Contributing A Catalog

evidentia-wiki-sync[bot] edited this page May 29, 2026 · 1 revision

Auto-generated mirror. This page mirrors docs/contributing-a-catalog.md, the canonical source of truth. Do not edit this file directly; edit docs/contributing-a-catalog.md and re-run scripts/wiki/sync_mirrors.py.

Contributing a new framework catalog

v0.10.3+. Lowers the barrier to adding a new compliance framework to Evidentia. Catalogs can now be YAML or JSON — pick whichever is friendlier; the loader auto-detects by file extension.

TL;DR — the 3-file PR

  1. Add a catalog file at one of:
    • packages/evidentia-core/src/evidentia_core/catalogs/data/us-federal/<framework-id>.yaml
    • …/data/international/<framework-id>.yaml
    • …/data/stubs/<framework-id>.yaml (Tier-C, copyrighted text not bundled)
    • …/data/state-privacy/<framework-id>.yaml
    • …/data/threats/<framework-id>.yaml
    • …/data/mappings/<framework-id>.yaml
  2. Run python scripts/catalogs/regenerate_manifest.py to update data/frameworks.yaml (the manifest is auto-generated from the files on disk — never hand-edited).
  3. Open a PR with both files staged.

Why YAML (v0.10.3+) vs. JSON

JSON YAML
Comments ❌ Not supported # inline + block
Multi-line strings Awkward (\n escapes) ✅ `
Trailing commas Forbidden Allowed
Hand-edit friendliness Brittle Significantly better
Tooling Universal Universal (PyYAML, yamllint, etc.)

Both formats produce the same ControlCatalog; YAML is just the nicer surface for hand-authoring. Existing JSON catalogs stay JSON — there's no auto-migration. Convert one when you next edit it if you like.

Required schema (Evidentia-format)

framework_id: my-framework-id     # kebab-case; stable across versions
framework_name: "Display name"
version: "1.0"                    # framework version, not catalog version
source: "Upstream URL or citation"
tier: A | B | C | D                # see ATTRIBUTION.md
category: control                  # control | technique | vulnerability | obligation

# Tier-C only (control text is copyrighted):
placeholder: true
license_required: true
license_terms: "© <Holder>. Brief redistribution rationale."
license_url: "URL where users can license/download the authoritative text"

families:
  - "Family 1"
  - "Family 2"
controls:
  - id: AC-1
    title: "Control title"
    description: "Control text — or '[Licensed content — see license_url]' for Tier-C stubs"
    family: "Family 1"
    # Tier-C stub controls also carry:
    placeholder: true
    tier: C
    license_required: true
    license_url: "URL where users can license/download the authoritative text"

The manifest.py model validates every field; malformed catalogs get caught by the existing tests/unit/test_catalogs/test_all_bundled.py suite (which parametrizes a smoke test per bundled framework).

Worked examples

7-control stub — iso-27017-2015.yaml (v0.10.3 proof)

See packages/evidentia-core/src/evidentia_core/catalogs/data/stubs/iso-27017-2015.yaml for the first YAML catalog in the bundled set — a 7-control Tier-C cloud-services stub. The corresponding JSON equivalent was removed in v0.10.3; both formats produce identical ControlCatalog objects when loaded.

18-control stub — cis-controls-v8.1.yaml (v0.10.4 C3 richer proof)

See packages/evidentia-core/src/evidentia_core/catalogs/data/stubs/cis-controls-v8.1.yaml for a richer hand-authored example. The 18 CIS Critical Security Controls v8.1 are grouped by Implementation Group (IG1 / IG2 / IG3) using # ── ... ── comment headers — a pattern that's impossible in JSON. This demonstrates the actual contributor benefit of YAML for catalogs that need browsability beyond a flat control list.

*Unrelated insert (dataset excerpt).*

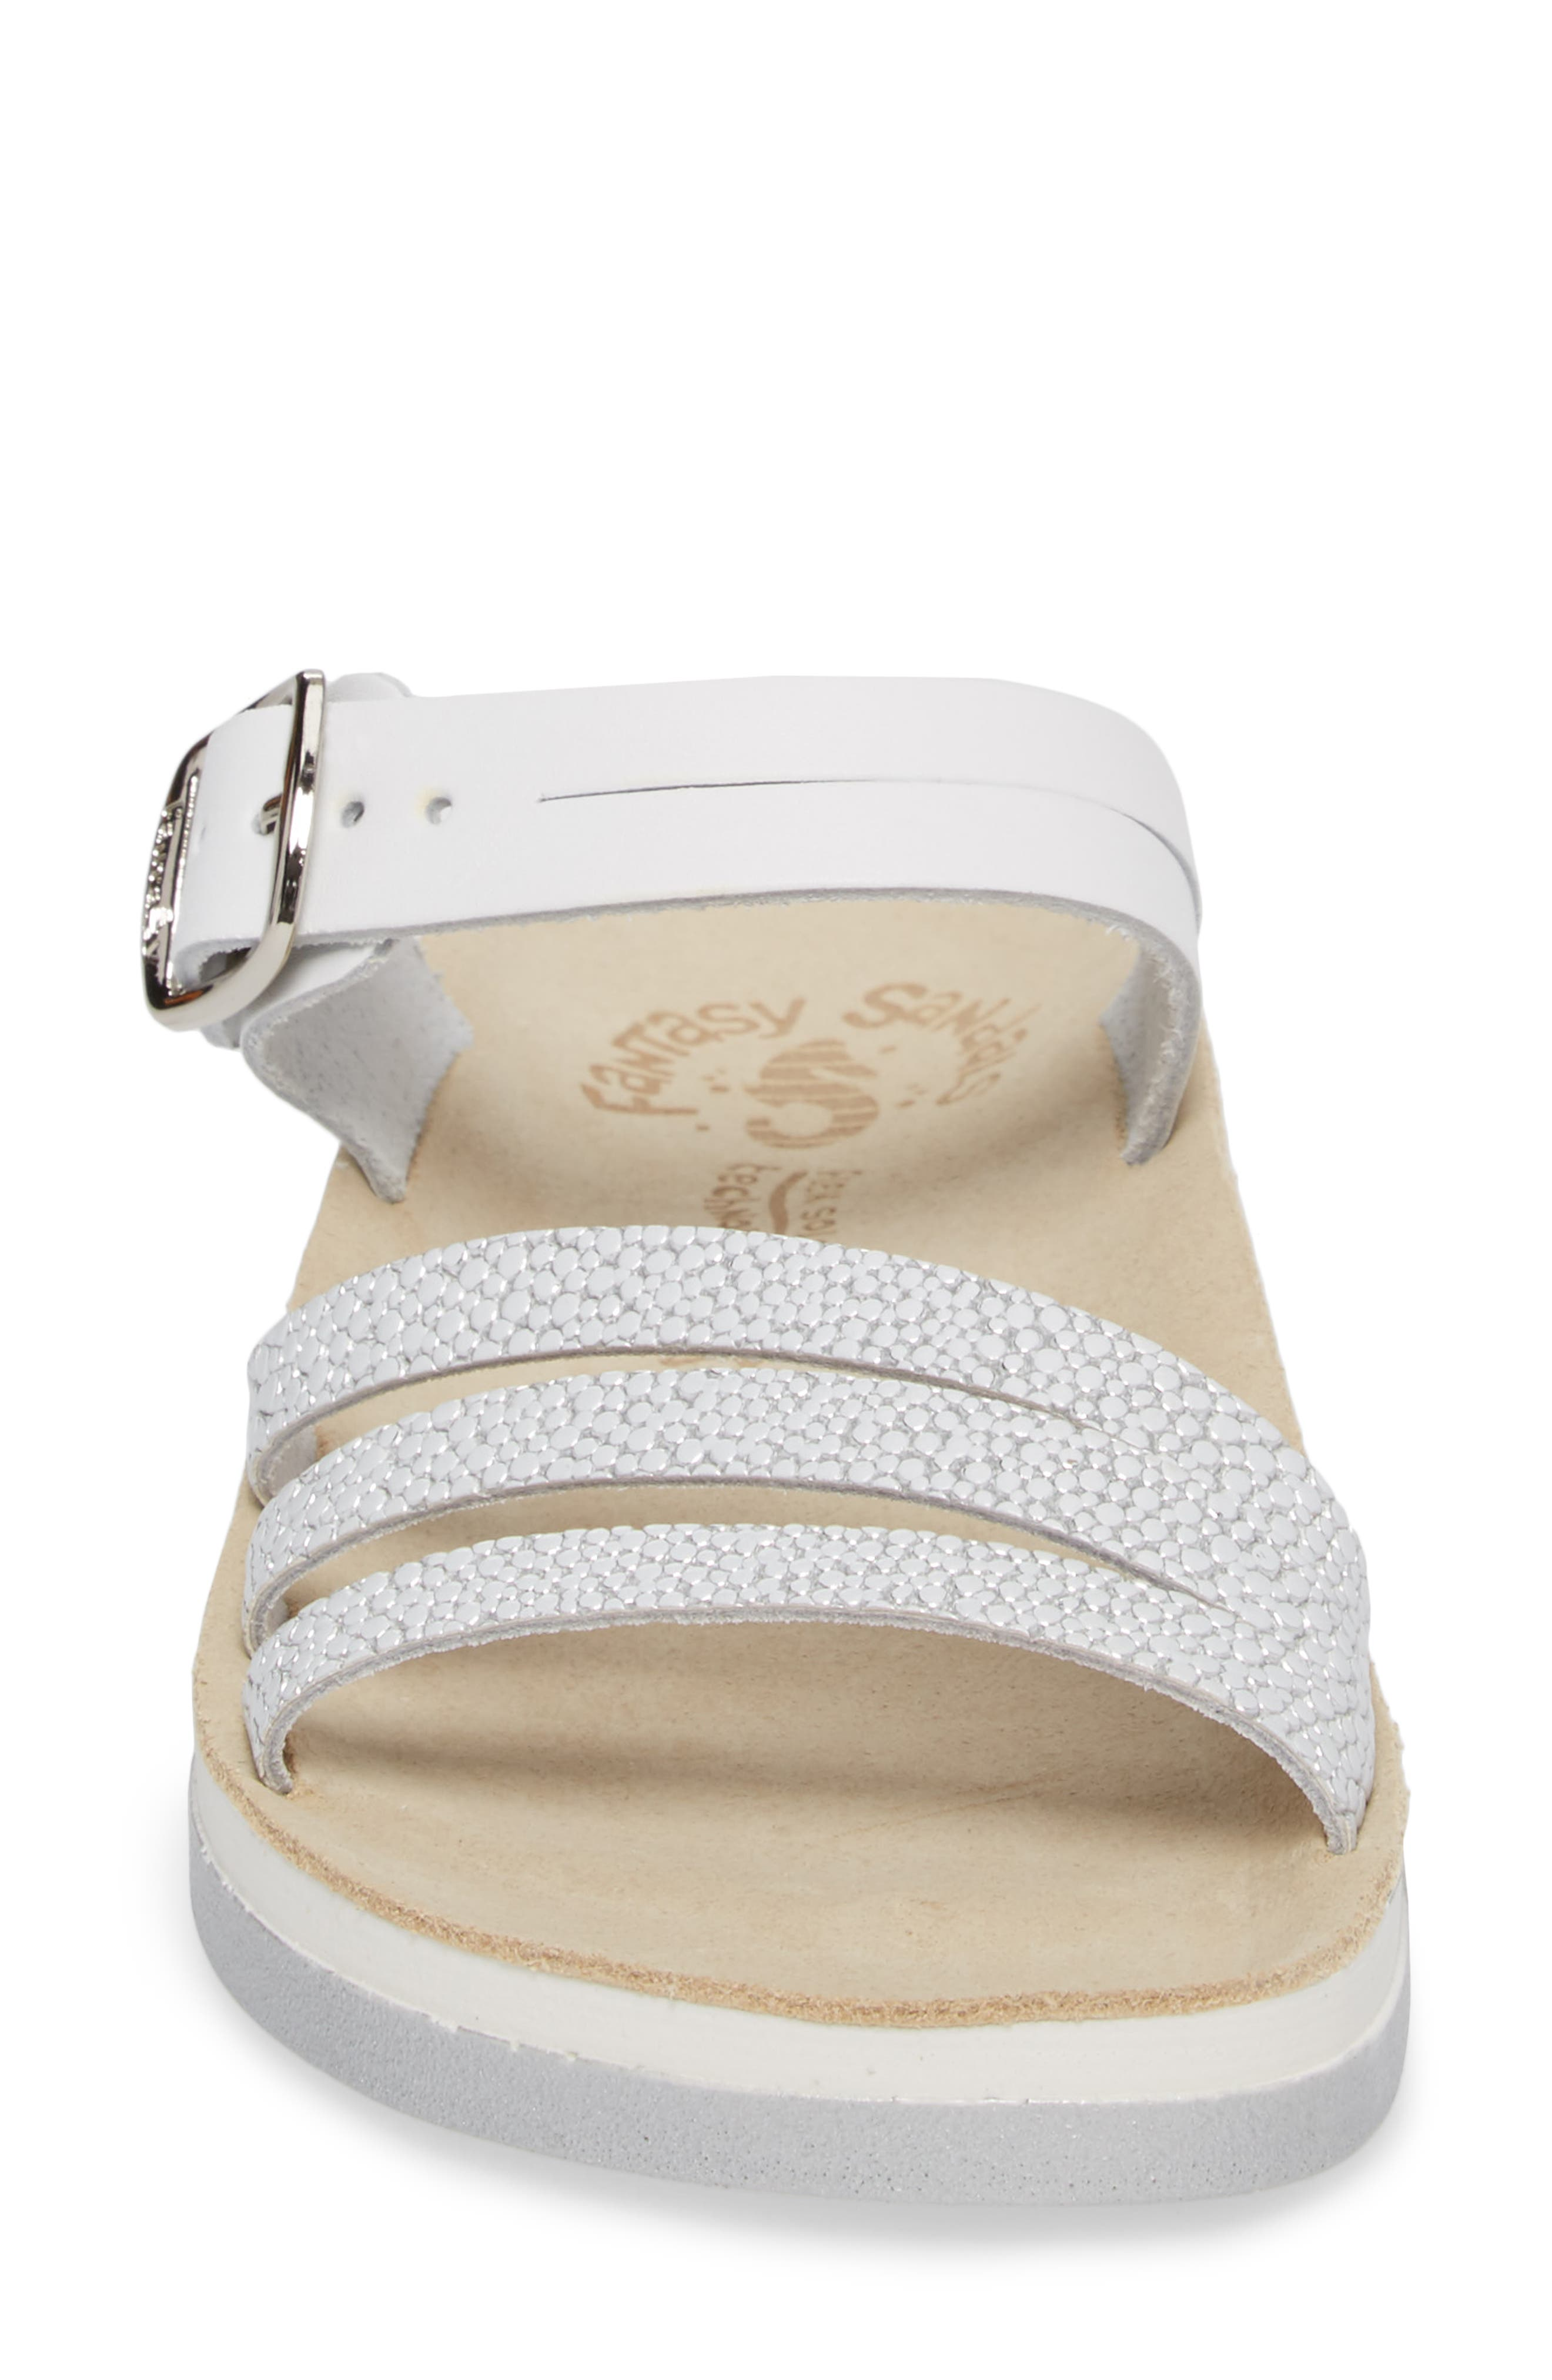 Lola Sandal,                             Alternate thumbnail 4, color,                             White/ Silver Leather
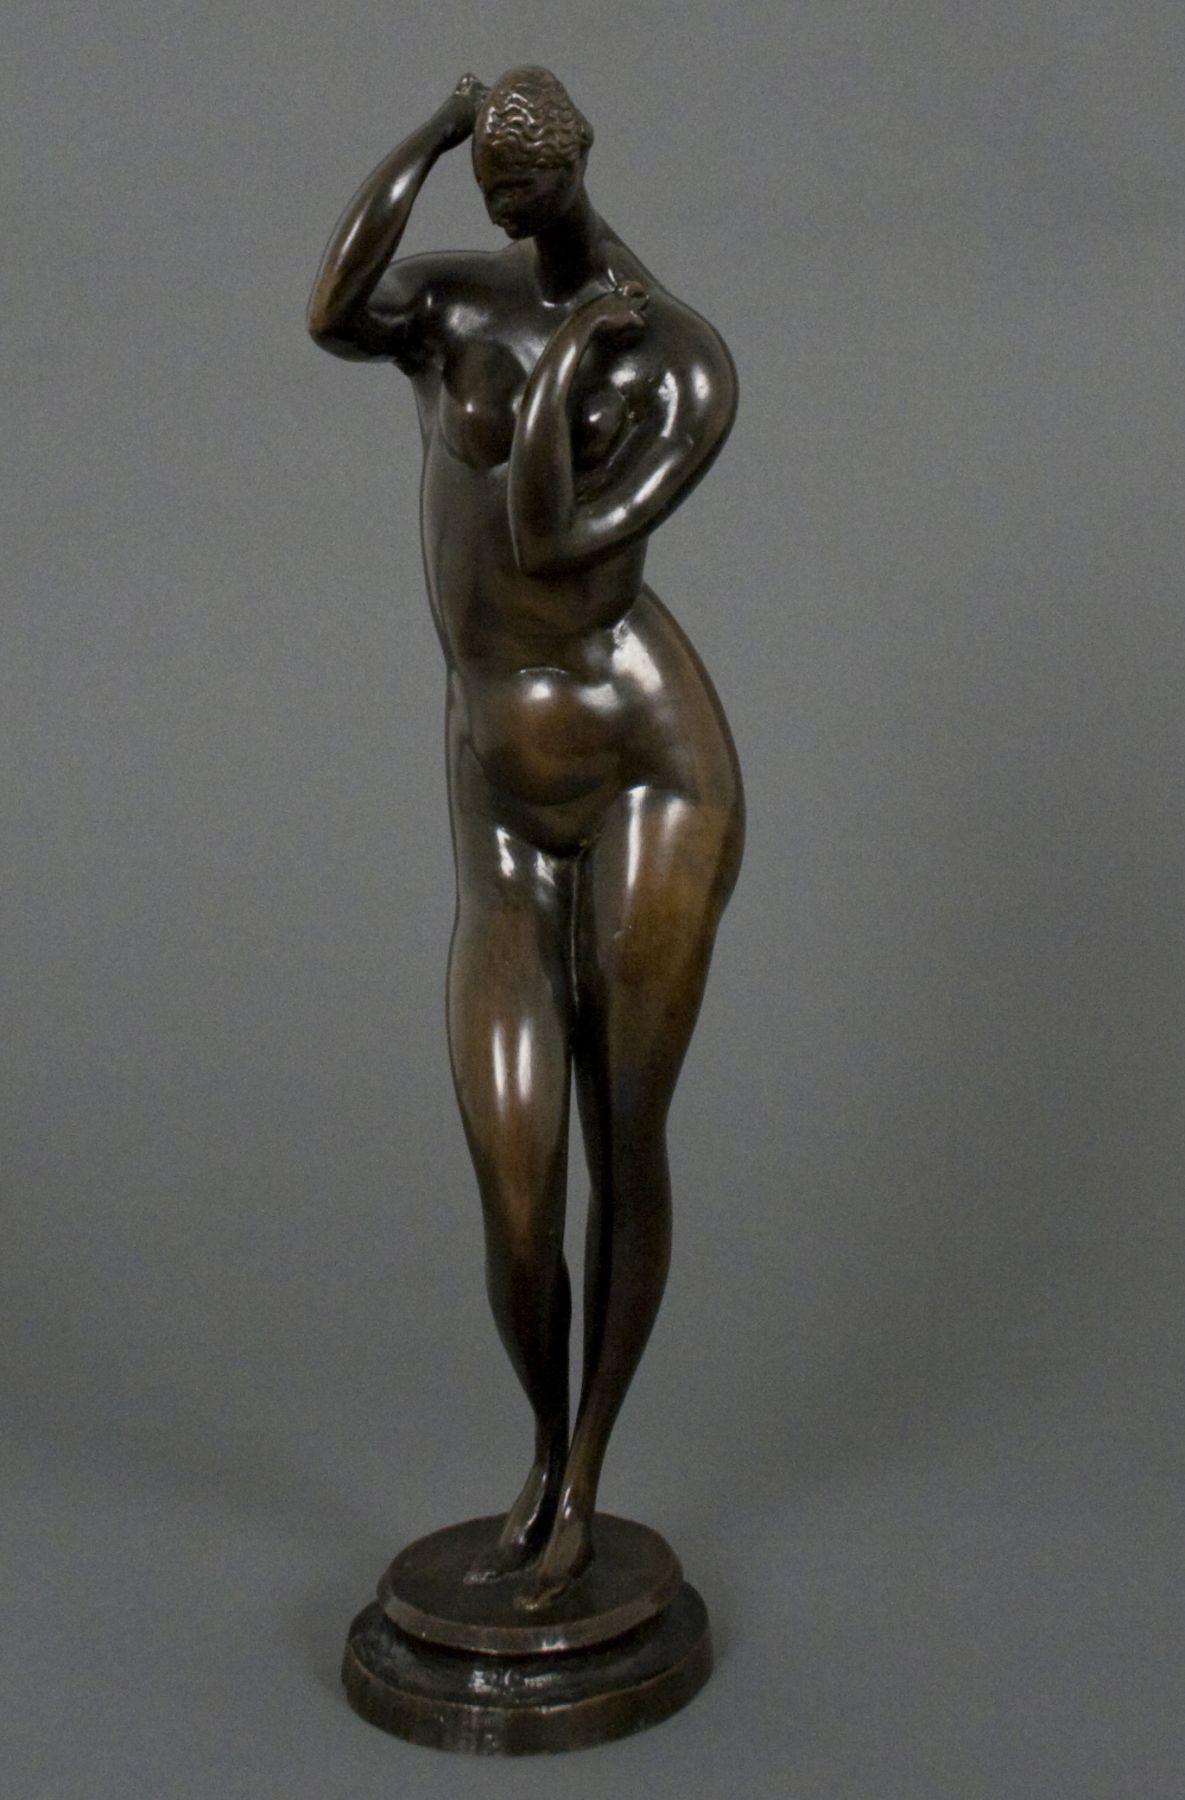 Elie Nadelman, Standing Female Nude, c. 1909-1915, bronze, 15 x 5 1/4 x 4 inches

The 7-control vs 18-control pair lets contributors see both ends of the size spectrum the YAML format is intended to serve.

When NOT to use YAML

  • OSCAL catalogs (e.g., NIST 800-53 Rev 5): stick with JSON. Upstream NIST publishes OSCAL JSON; the existing JSON files are byte-identical to NIST's release. Keep the chain of custody.
  • Machine-generated catalogs: JSON is easier for tooling to emit + diff against the upstream.

Other tier conventions

  • tier: A — verbatim-redistributable control text. Two sub-categories:
    • Public-domain works (US federal, NIST, CISA, FedRAMP).
    • Permissive-licensed works (Apache-2.0, MIT, CC-BY) where the upstream license explicitly permits verbatim redistribution. The catalog's license_terms field MUST cite the upstream license; the source URL pins the upstream commit/version so the chain-of-custody is auditable. Catalog bundles full control bodies in both cases.
  • tier: B — copyrighted but licensed for embedded distribution (rare).
  • tier: C — copyrighted; only IDs + titles bundled. Control body is a placeholder; operators run evidentia catalog import with their licensed copy to override.
  • tier: D — government edicts (statutes, regulations) — uncopyrightable; full text bundled.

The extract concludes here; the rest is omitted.